Non-completion rates a waste of public funds

Dinoo Kelleghan

Billions spent on courses where students won't graduate

Extremely low course completion rates from VET private providers show how poorly Australians are served by governments taking billions of dollars away from the TAFE sector. These same governments are handing funds to private providers without any data to justify the spending.

TAFE has double the completion rate of private providers, newly-released national statistics say.

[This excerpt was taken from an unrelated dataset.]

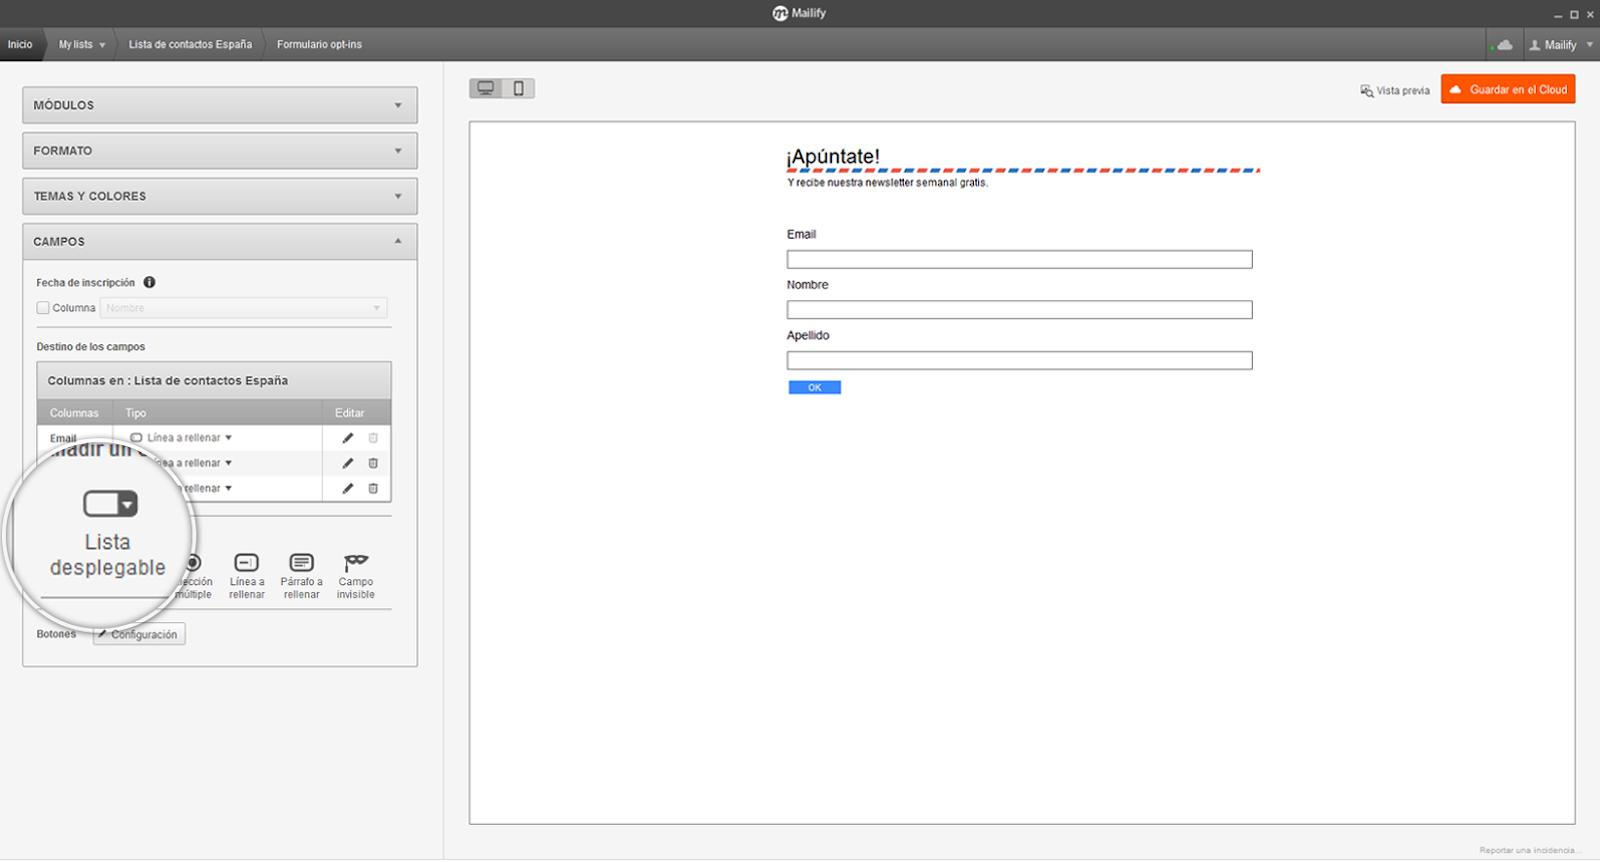 Cómo utilizar una buena herramienta de Email Marketing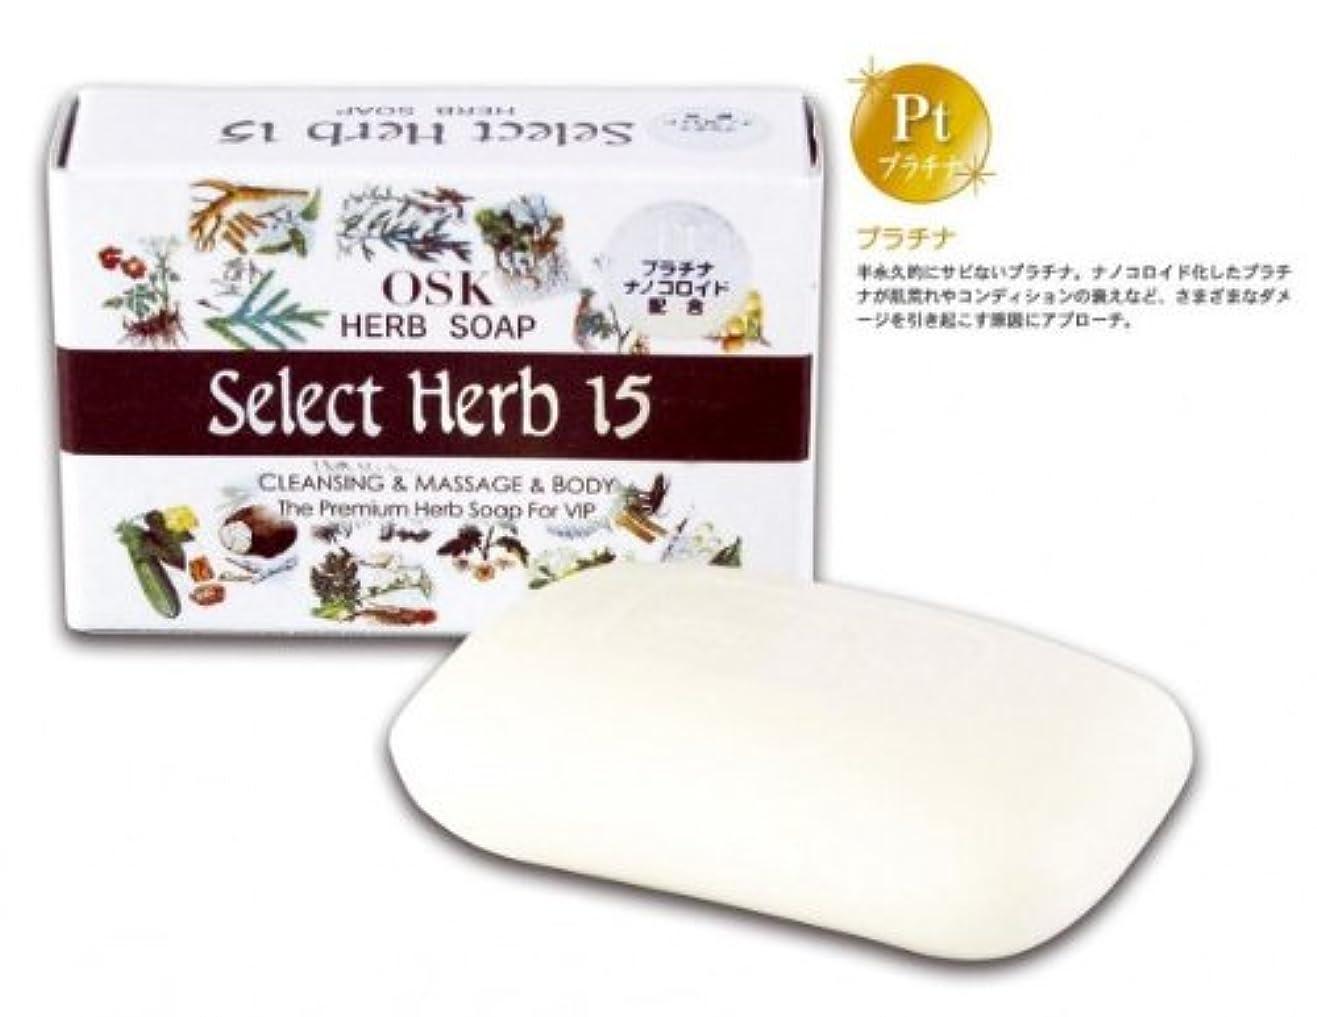 橋脚余暇保持NEW OSK SOAP SelectHerb15(ニューオーエスケーソープセレクトハーブ15)135g

The National Centre for Vocational Education Research (NCVER) last month, for the first time, included statistics on private providers that paint a picture of wastage and, more importantly, “the ultimate betrayal of Australia’s disenfranchised”, the unemployed (“Leg-up for the needy transformed into an expensive debacle”, The Australian, November 11).

Private providers now have double the number of students as TAFE Australia-wide, 2.3 million compared to 1.1 million, the NCVER said.

Between 2009 and 2012 — when other state and territory governments increased their funding levels to private providers, increasing their participation in the VET sector — fewer than one in five students finished their courses.

Last month the Australian Skills Quality Authority (ASQA) said one private college, Cornerstone/Empower Institute, received $46 million in government money and graduated just five students from 4000 enrolments last year; another, Keystone/College of Creative Design and Arts, had a completion rate of 11 per cent.

TAFE teachers have long pointed out that the private providers make money by focusing on low-cost online courses in Management and Commerce, leaving the heavy lifting of high-cost courses to TAFE.

The NCVER report bears this out: in 2014, with private providers dominating provision, more courses were taken externally across Australia (47 per cent compared to 45 per cent internal) with 44 per cent of enrolments in Management and Commerce. Dodgy private providers aim online courses at unemployed people – only about 8 per cent of whom are estimated to complete these courses, the NCVER says.

Course non-completion does not prevent the providers pocketing the fees. With VET Fee-Help easily accessible to private providers, fees — paid with taxpayer funds — have risen from $25.6m in 2009 to $1.75 billion in 2014, roughly $60,000 per diploma course, about twice the cost of a university degree.

One media report suggests that since 2009, up to $6 billion in public money has been given to private providers via VET students who have not, and will not graduate.